Face à cette déclaration, la honte qui m'avait submergée quelques instants plus tôt disparut instantanément. En effet, je trouvais gênant qu'on me dévisage ainsi surtout lorsque j'étais vêtue à l'arrache avec comme coiffure un pétard à la place des cheveux.

Je sortais de derrière mon bureau, fulminante, prête à injurier et à frapper cette idiote et ensuite à lui demander les raisons de ses critiques quand elle me tendit sa carte professionnelle. Moi, impulsive? Sans blague! Je l'examinai et je vis marquer dessus : "Agent Artistique".

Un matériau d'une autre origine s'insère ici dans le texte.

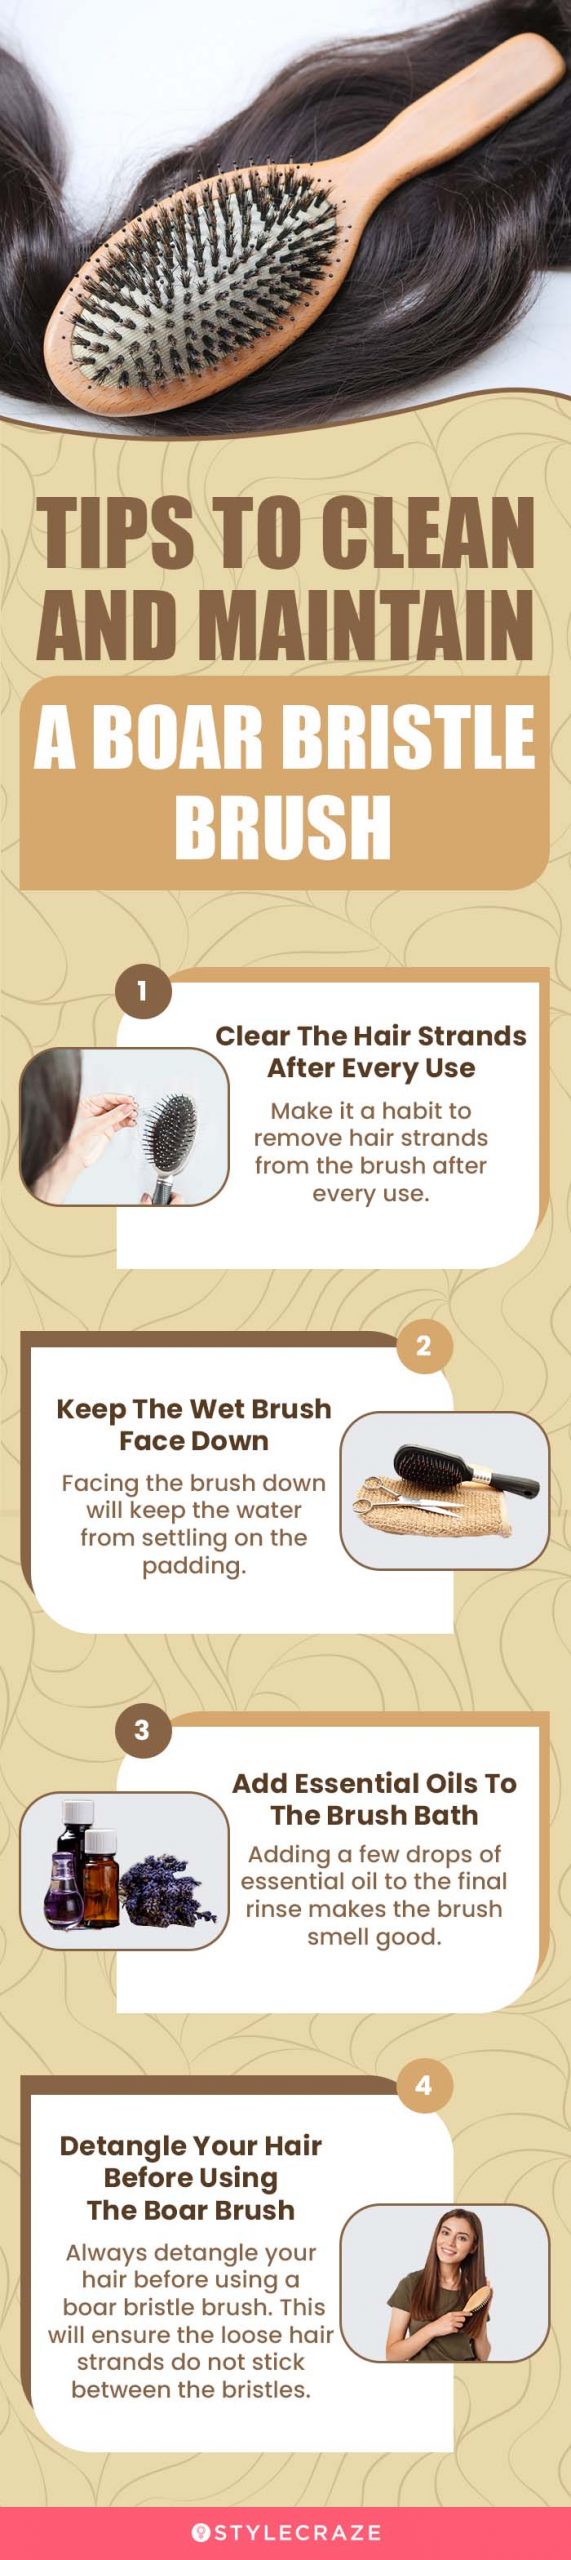 tips to clean and maintain a boar bristle brush (infographic)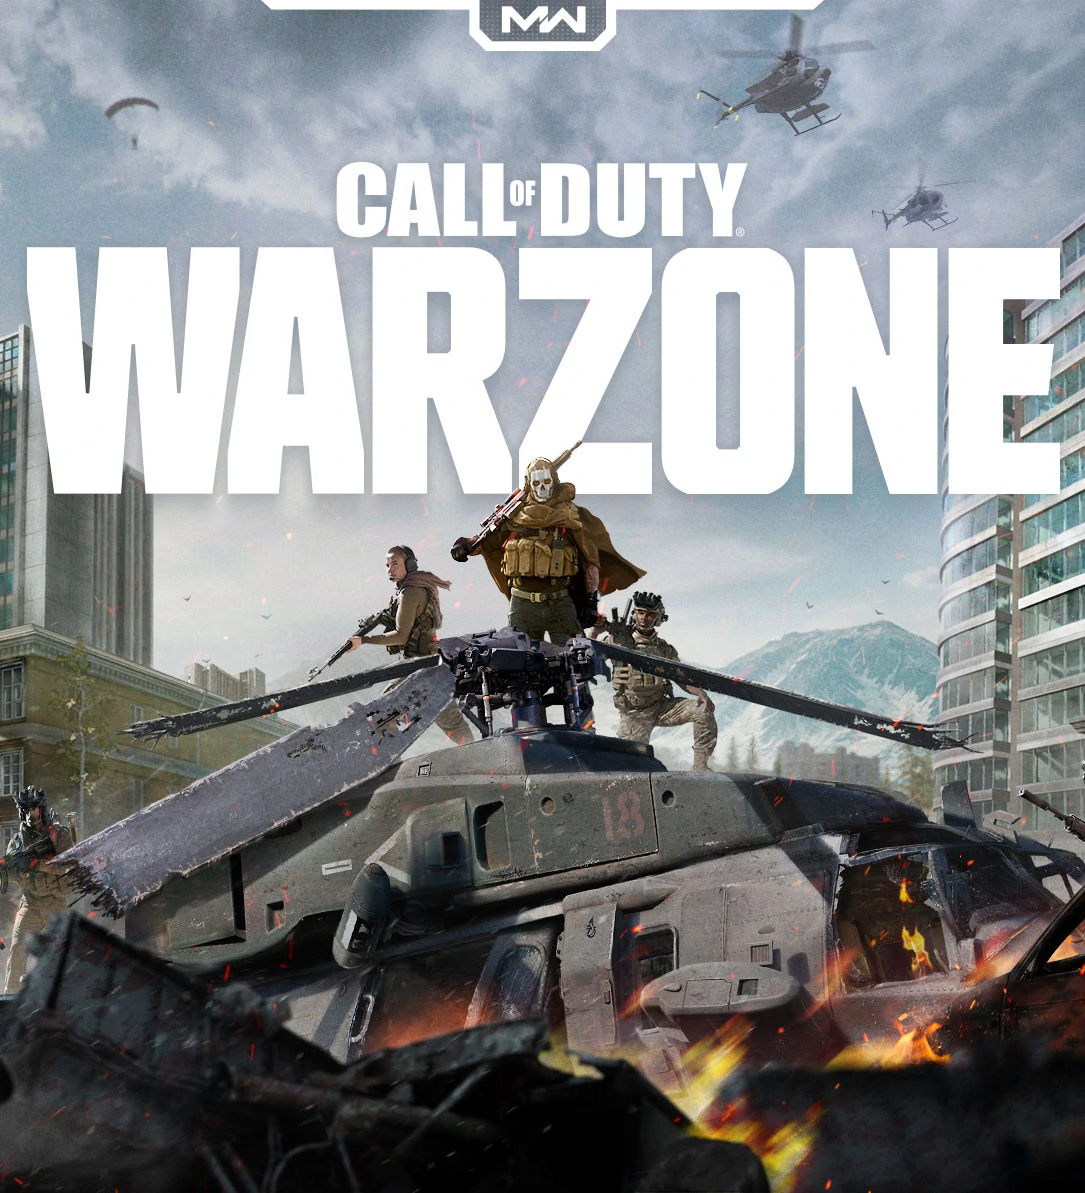 Call of Duty: Warzone mobile release date leaked by insider

Ma colère retomba quelque peu mais pas suffisament pour m'empêcher de lui coller un aller-retour de claque. Elle ne s'attendait guère à cette réaction et n'offrit aucune résistance, à savoir soit arrêter ma main ou l'éviter.

Oui, je sais. Je suis du genre à frapper avant et poser des questions après. Mais depuis j'ai mis de l'eau dans mon vin comme on dit et je regrette énormément de lui en avoir mis une mais le passé est le passé.

Aujourd'hui, de toute façon, il ne serait pas aussi aisé de recommencer. Elle est trop sur ses gardes maintenant ... Mais oui j'ai des remords même si ça n’en a pas l'air !! D’autant plus qu'elle me tendait sa carte pour me proposer d'être mon agent, mais bon, à ce moment là, je n'en avais aucune idée.

Finalement, quand j'ai dit qu'elle avait adoré mes toiles, j'ai peut-être, mais vraiment peut-être, embelli un chouya. (Un euphémisme ça? Non, ce n’est pas du tout mon genre !).

Mais, c'était aussi de sa faute! Quelle idée d'utiliser de tels termes? Passe encore qu'on me critique sur mes fringues, il en va autrement de mes oeuvres. D'ailleurs, en parlant de ça, le 'étrange' était pour mes oeuvres et le 'grossier' pour ma manière d'être habillée. Faut vraiment douter de rien pour dire des trucs comme ça à des personnes qu'on ne connaît pas. Qui c'est comment ils peuvent réagir! Je lui prédis qu’un jour, il lui arrivera vraiment des emmerdes à force de parler comme elle le sent.

Bref, je ne lui en veux pas vraiment d'avoir pensé et dit ça, surtout que Ruya a une fâcheuse tendance à dire ce qu'elle pense sans prendre de gant quand elle ne connaît la personne ni d'Adam ni d'Eve (il en va autrement quand elle est amie avec, quoique ... c'est peut-être pour ça que ses relations amoureuses durent en moyenne un mois? Hum, je m'égare là ...).

Bref, c'était normal, j'étais vraiment habillée comme un sac. On n'aurait pas pu faire pire, chiffonnée comme une vieille chaussette oubliée sous un lit. Mais bon, ce jour là, j'étais rentrée en vrac chez moi.

La veille, à l'aube, on m'avait annonçée par un appel téléphonique strident que je devais me présenter chez le notaire de ma mère dans ma ville natale, soit à 600 kilomètres de la ville que j'habite aujourd'hui.

Pendant mes études, j'ai dû partir de ma petite bourgade qui n'offrait pas les structures adaptées à la carrière que mes professeurs me promettaient. Poussée par ma mère, je m'engageais à déménager tout en revenant le plus souvent possible, suivant les possibilités de mon emploi du temps.

Quand j'y repense, je n'aurai pas dû partir. Ma mère, soucieuse que je réussisse, me cacha sa maladie. Elle me disait toujours de prendre mon temps, de venir la voir quand je le pouvais et que si ce n'était pas pour tout de suite, ce n'était pas grave. Or, ça l’était !

Je n'aurai pas dû l'écouter car, quand elle a eut le plus besoin de moi, je n'ai pas été là. Quand elle est morte, je suis revenue dans ma ville natale pour m'occuper de tout. Ce moment de ma vie fut très dur car bien que me mère ne soit en réalité qu'une mère adoptive, je crois que je l'ai aimée plus que n'importe qui d'autre et bien plus que si elle avait était ma mère biologique. Pour moi, ce ne sont pas les liens du sang qui font qu'on fait partie d'une famille mais les liens affectifs qu'on cré.